Когда у нас в Средней Азии начинается весна? Бывает в иной год так, что и в январе отпустит, нагрянет такая теплынь, в пору хоть без пальто ходить. До самого марта палит да палит солнце, стоят чудесные веселые деньки. А там, глядишь, уже настоящая весна наступает, раскрывает почки, распускает листья. До глубокой осени не проплывет над землею, не прикроет солнце ни одна тучка, ни одна капля воды не освежит жаждущую природу. А в иной год бывает по-другому. Зима стоит теплая, а в марте вдруг начнут хлестать дожди, и кажется, не будет им конца. Или неожиданный снег ленивыми крупными хлопьями посыплется на удивленных людей. Кто же станет радоваться такой коварной весне? Нужно пахать, сеять хлопок, а тут приходится людям нервничать, ждать да выжидать желанных солнечных дней.

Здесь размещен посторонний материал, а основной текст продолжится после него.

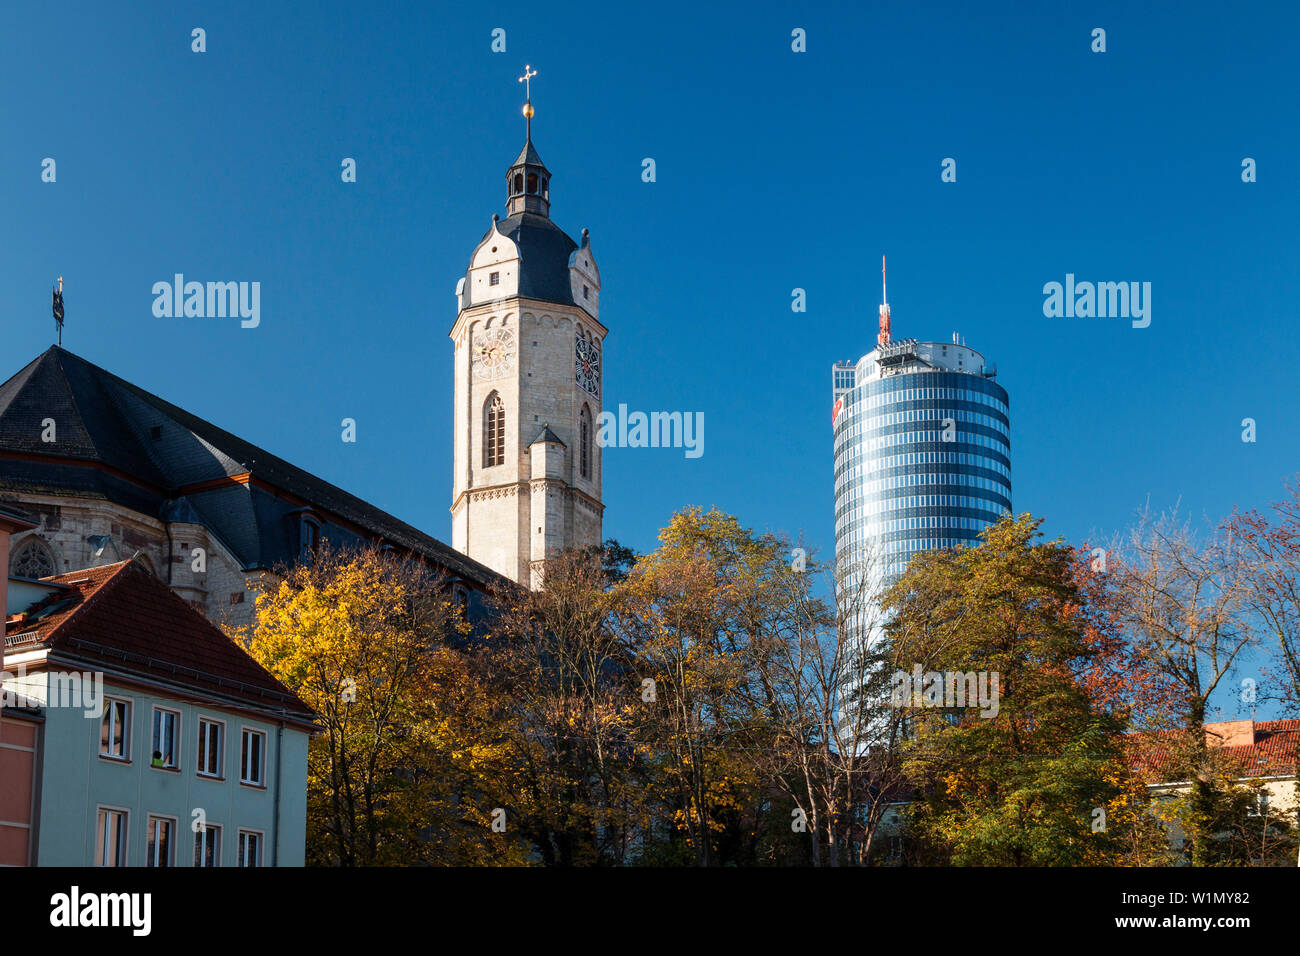 St. Michael Church and Jentower, Kirchplatz, Jena city, Thuringia, Germany, Europe Stock Photo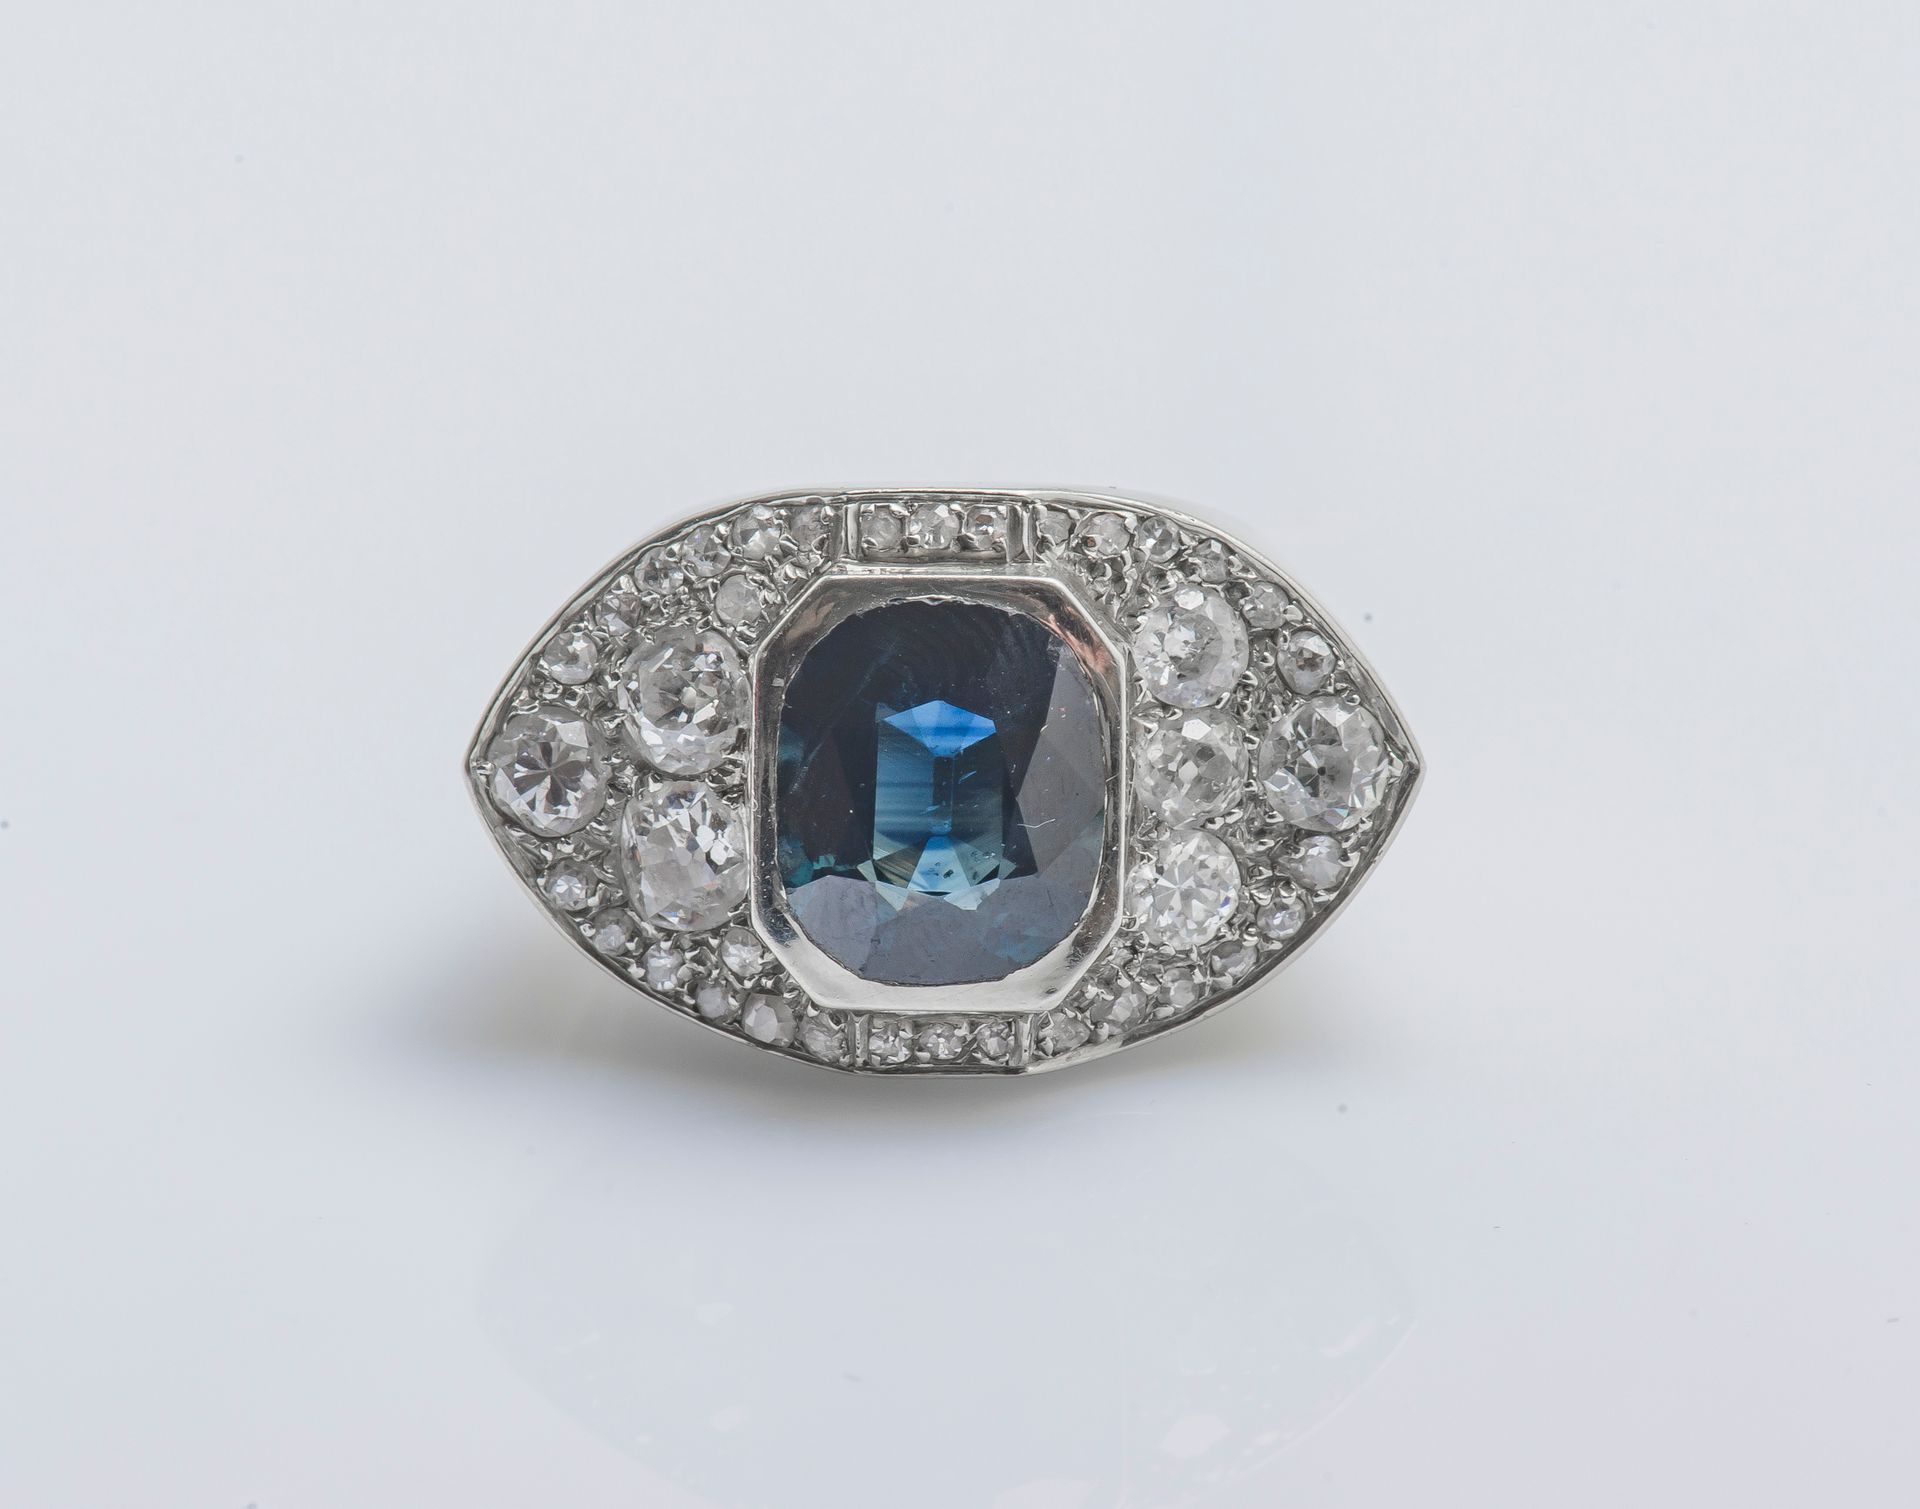 Raymond TEMPLIER 18K（750千分之一）白金坦克戒指，杏仁形的挡板上镶嵌着一颗约3.8克拉的椭圆形蓝宝石，周围是旧式切割的钻石。1940年代的&hellip;

Училище выезжало на практику. Одна группа отправилась в Ферганскую долину. Васе очень хотелось побывать в этой долине, прославленной фруктовыми садами и хлопком, он мечтал встретиться с Рогачевым. Но встреча откладывалась на неопределенное время: группа, в которой учится Вася, должна была ехать в подшефную МТС неподалеку от Ташкента.

Два вечера Вася писал другу письмо.

— Обо всем расскажи ему, — просил он воспитанника из второй группы, передавая объемистый конверт.

К учебному корпусу подкатили две машины. Лужи пузырились от дождя, ребята сильно намокли, но не обращали на дождь внимания. В минуту прощания все почувствовали, как крепко сдружились. Иван Сергеевич горячо говорил что-то комсоргу второй группы, потом обнял его. Со стороны это было немножко смешно. Костя, ухмыляясь, переглянулся с Васей.

— Обнимаются, как девчонки, — заметил Костя.

Ребята уехали, заметно тише и пустыннее стало в училище. Иван Сергеевич с Олей еще долго стояли на аллее и смотрели вдаль, где виднелась металлическая арка. Он озабоченно подергал свой льняной чубик.

— Скоро и мы ту-ту! — с грустью сказал Иван Сергеевич.

— Иди в общежитие, чего мокнешь, — улыбнувшись уголками губ, посоветовала. Оля.

Последние дни Оля часто задумывалась о будущем, не столько о своем, сколько о будущем ребят. Да, рано или поздно они разъедутся. Как бы ей трудно в жизни ни пришлось, она не струсит, не убежит от трудностей. Но как начнут самостоятельную жизнь Вася, Митя? Каким человеком окажется Иван Сергеевич? Почему-то Васе Оля верит больше. Думает ли о будущем ребят Галина Афанасьевна? Конечно, думает. Оля часто замечает в глазах ее тревожное беспокойство. Это случается на собраниях, когда Галина Афанасьевна вдруг окидывает воспитанников внимательным испытующим взглядом. «Что будет с вами через год, через пять лет? Все ли вы окажетесь стойкими, честными людьми?» — будто спрашивает она. «Конечно, все», мысленно отвечает Оля Галине Афанасьевне. И все-таки будущее тревожит Олю. Здесь, в училище, есть воспитатели, мастера, замполит, директор. Если что не так, все они стараются помочь воспитаннику. А как сложится жизнь в машинно-тракторной станции? Как встретят там?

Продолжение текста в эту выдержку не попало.